(Beginning of STORED DATA)
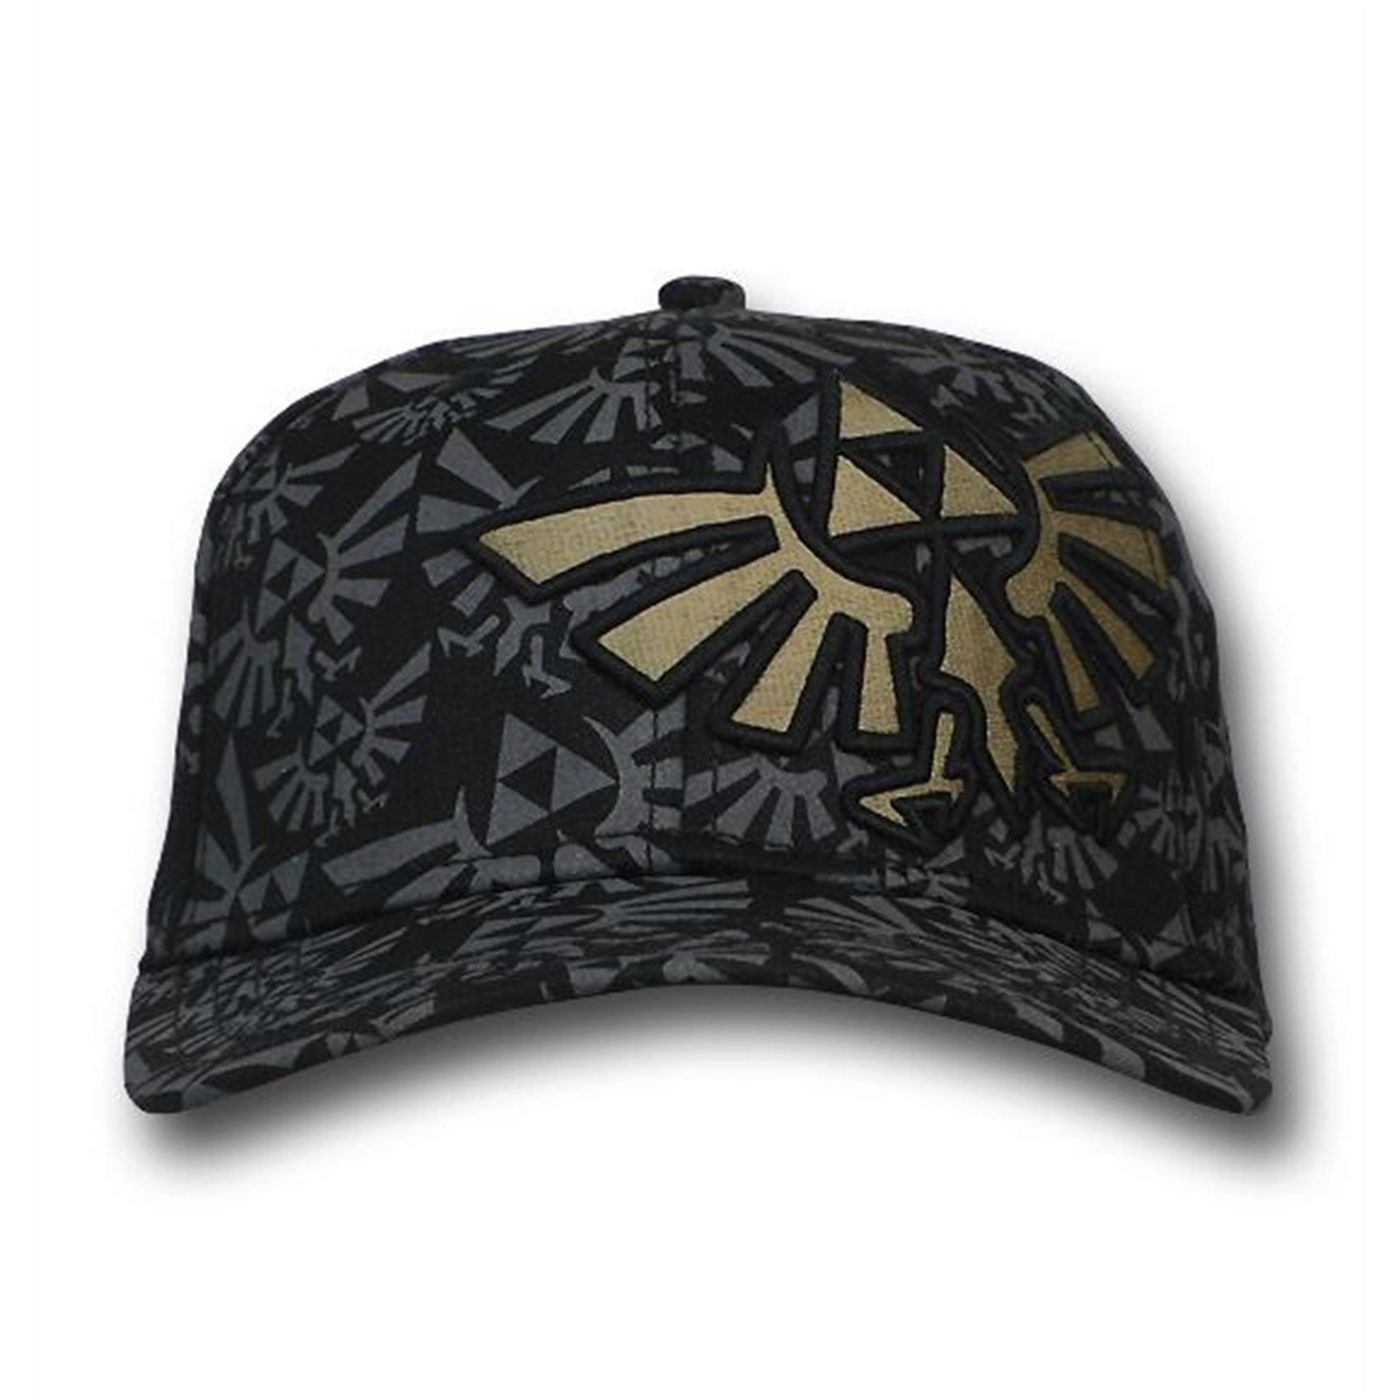 Legend of Zelda Symbol Sublimated Embroidered Cap
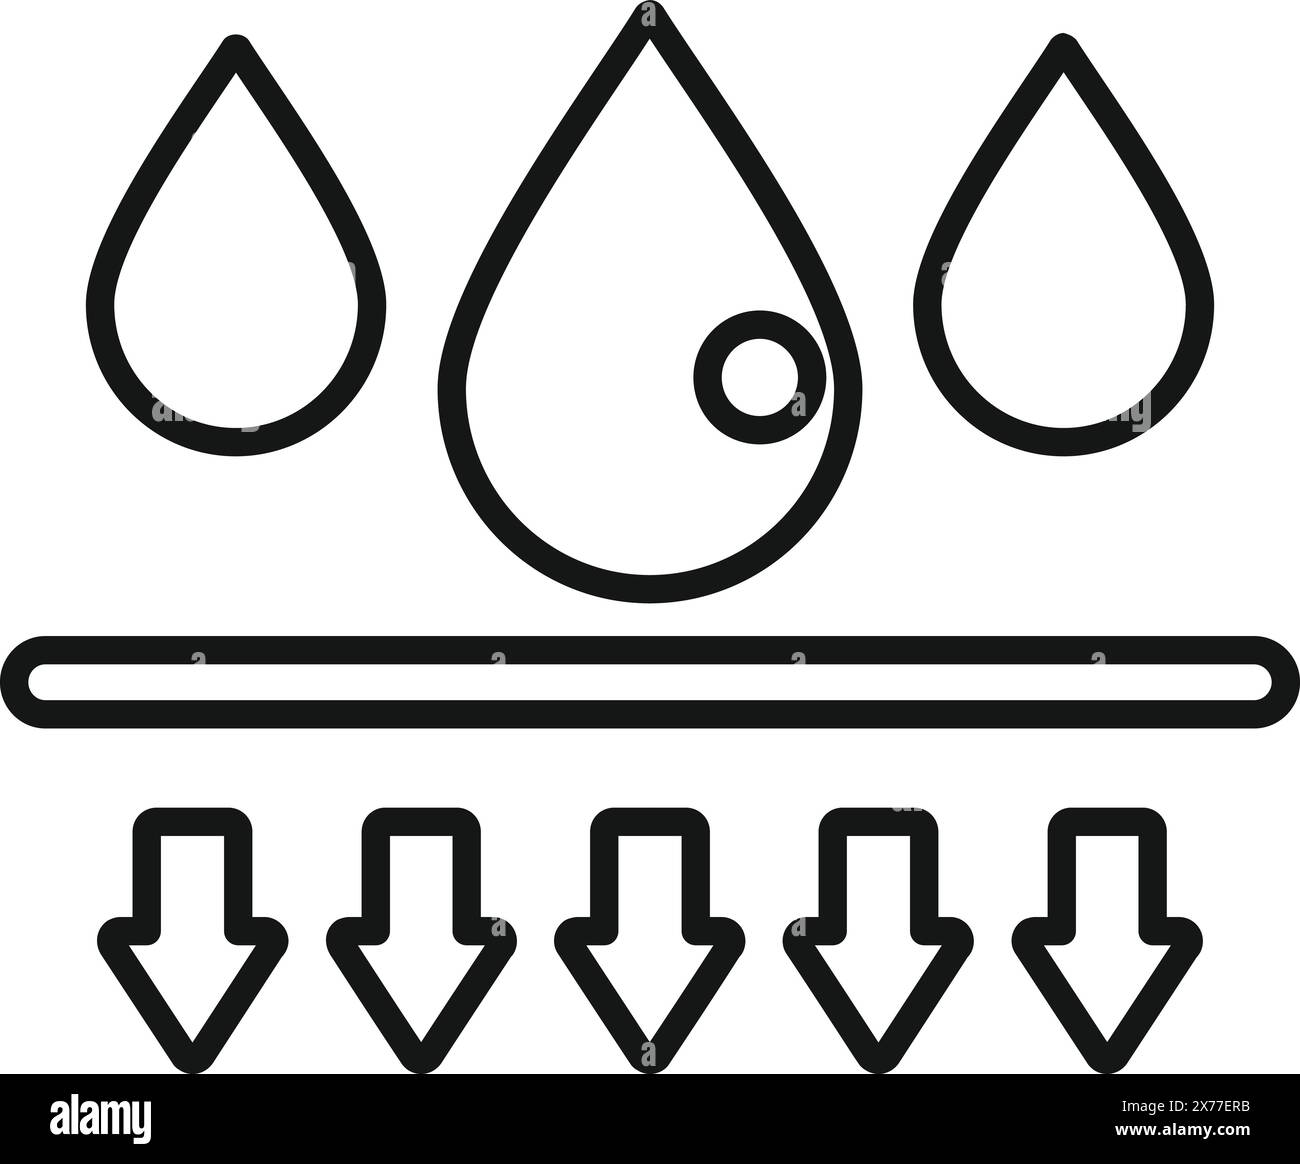 Efficiente icona di filtraggio dell'acqua con goccioline, frecce e simbolo di purificazione per un trattamento pulito e sostenibilità in bianco e nero vettoriale Illustrazione Vettoriale
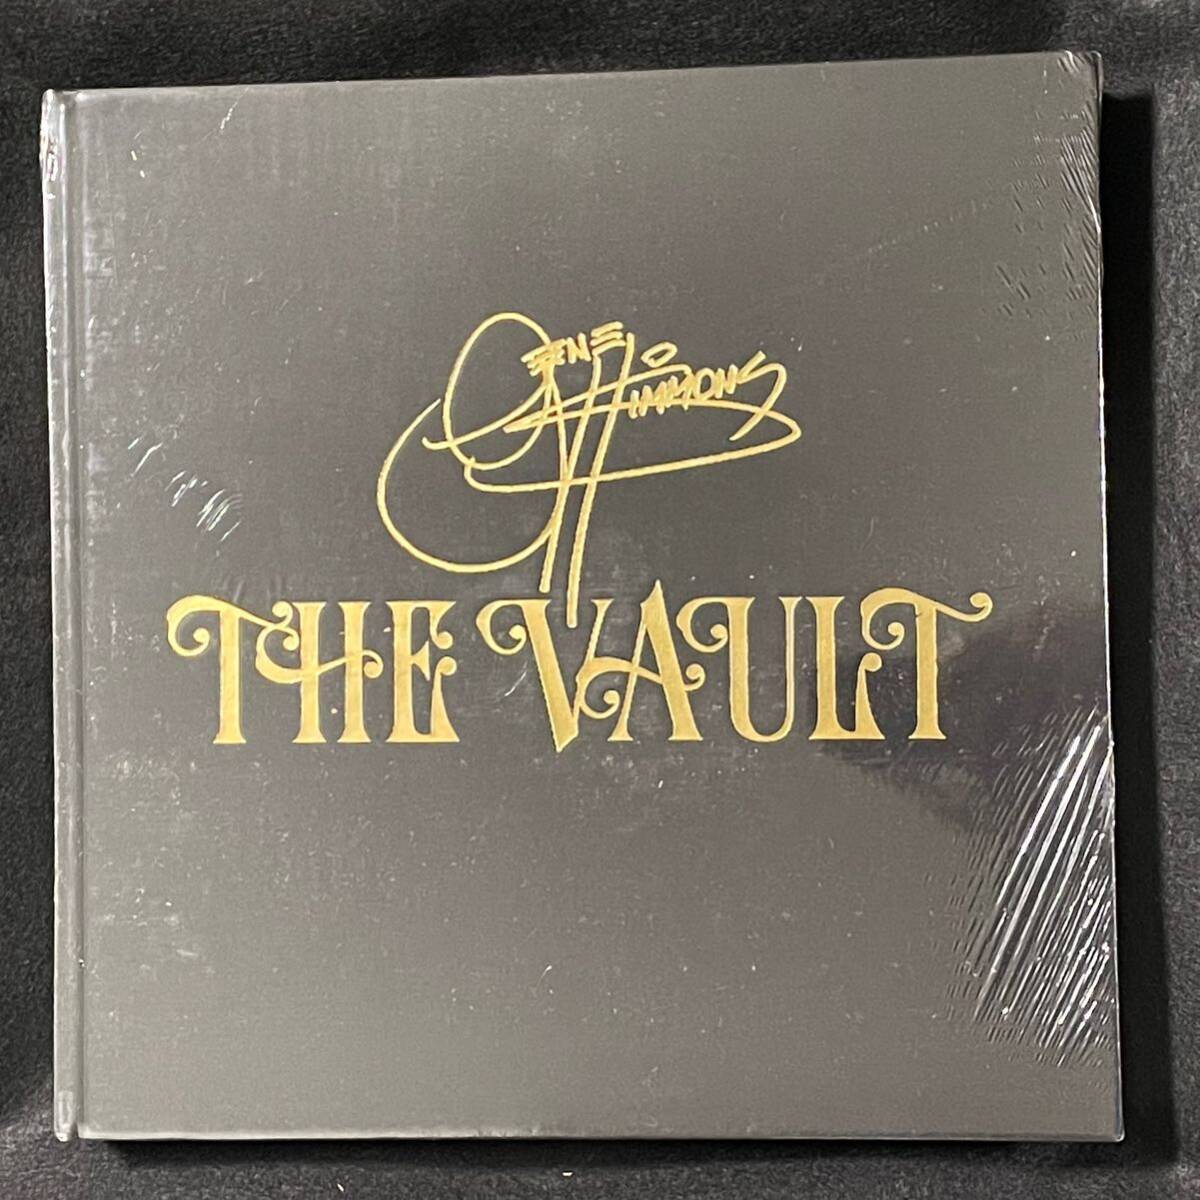 【最終値下】Gene Simmons The vault 公式写真集 デモCD 11枚付属 ジーンシモンズ KISS キッスの画像2
(End of STORED DATA)
ASSIGNED TASK. Wherever an image sits in the data, omit it; everything else must be copied exactly.

RESPONSE BELOW.
 Legend of Zelda Symbol Sublimated Embroidered Cap
 Efficiente icona di filtraggio dell'acqua con goccioline, frecce e simbolo di purificazione per un trattamento pulito e sostenibilità in bianco e nero vettoriale Illustrazione Vettoriale
 【最終値下】Gene Simmons The vault 公式写真集 デモCD 11枚付属 ジーンシモンズ KISS キッスの画像2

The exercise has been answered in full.